Growing a live holiday tree - WCAX.COM Local Vermont News, Weather and Sports-

Growing a live holiday tree

December 22, 2011

It's nice to buy a Christmas tree that still has its roots, so that after Christmas, you could plant it and enjoy it year after year! You can plant them every year and soon you'll have a whole forest of Christmas trees!

If you go to the garden center you'll find live Christmas trees for sale. Look at the bottom of the tree and you see they're in a container.

First you bring the tree inside after acclimating it in the garage for a few days. Put it in a metal basin so that you can keep the soil nice and moist, but not stain the floors. You only want to have this tree indoors for about seven to ten days, that's it. 

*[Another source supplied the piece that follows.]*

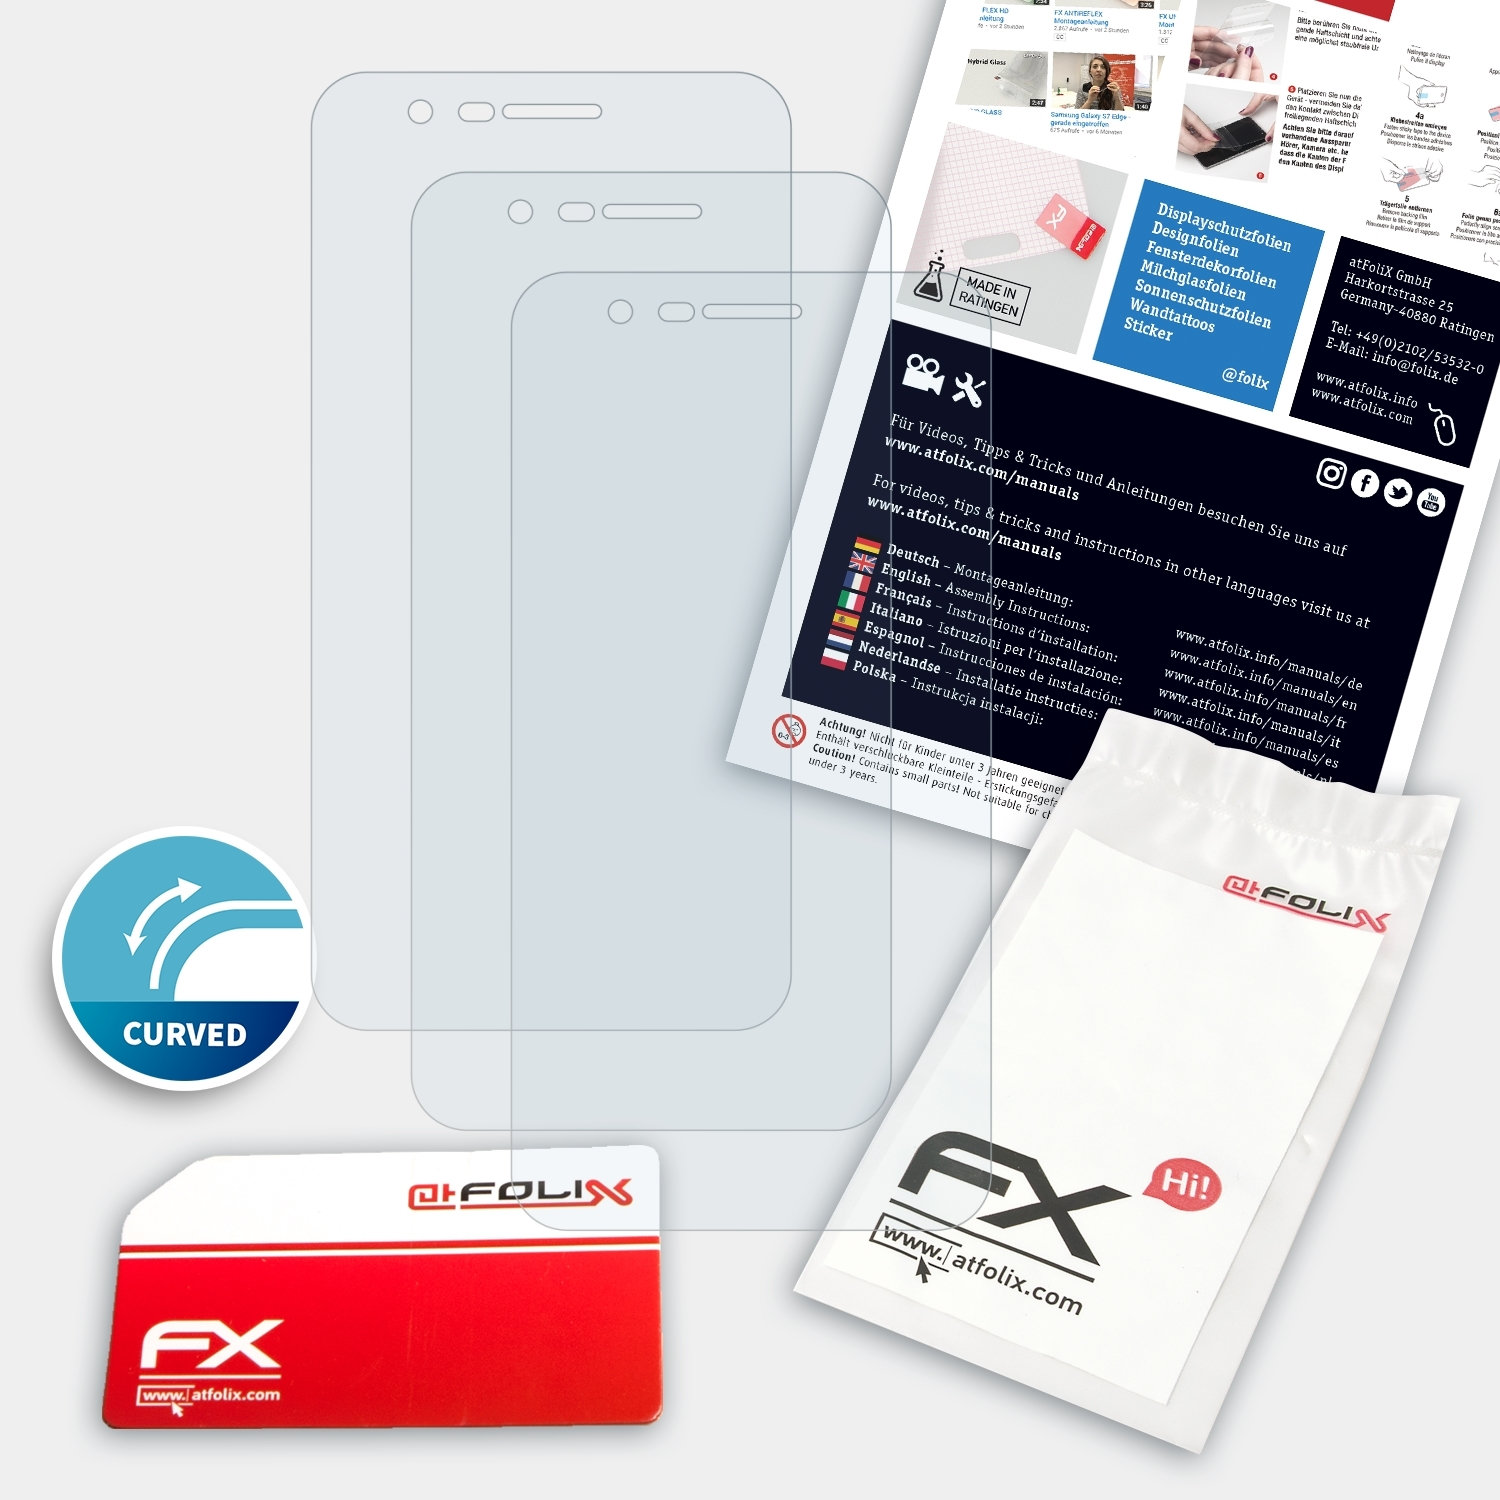 ATFOLIX 3x K11) FX-ActiFleX Displayschutz(für LG

Afterward, take all of the ornaments off, bring it out to a garage or a shed, but not right outside, for about three to four days so the tree can harden off a little bit.   

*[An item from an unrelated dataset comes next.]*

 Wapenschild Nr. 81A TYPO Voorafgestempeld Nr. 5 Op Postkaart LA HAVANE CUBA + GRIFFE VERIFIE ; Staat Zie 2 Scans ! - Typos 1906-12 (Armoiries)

It's sort of a transition so the tree doesn't go from your warm living room to five degrees!

Hopefully you were smart enough to dig your hole beforehand. Luckily, it hasn't been that cold, so you might still be able to do that now. So dig the hole, take all of the soil out and put it in the garage so it doesn't freeze up. Then when you put your Christmas tree in the hole, you put the soil back in, put some mulch on it, water it and it should be all set for the rest of the winter. It's better to to plant it now, rather than try to hang onto it inside until spring.

Now certain Christmas trees like the dwarf Alberta spruce, are a little more sensitive to the cold, so you might want to wrap those with some burlap. But these regular blue spruce and other kinds of balsams, they're fine, they'll be happy out there, and in a couple of years, Santa will come visit your Christmas tree forest.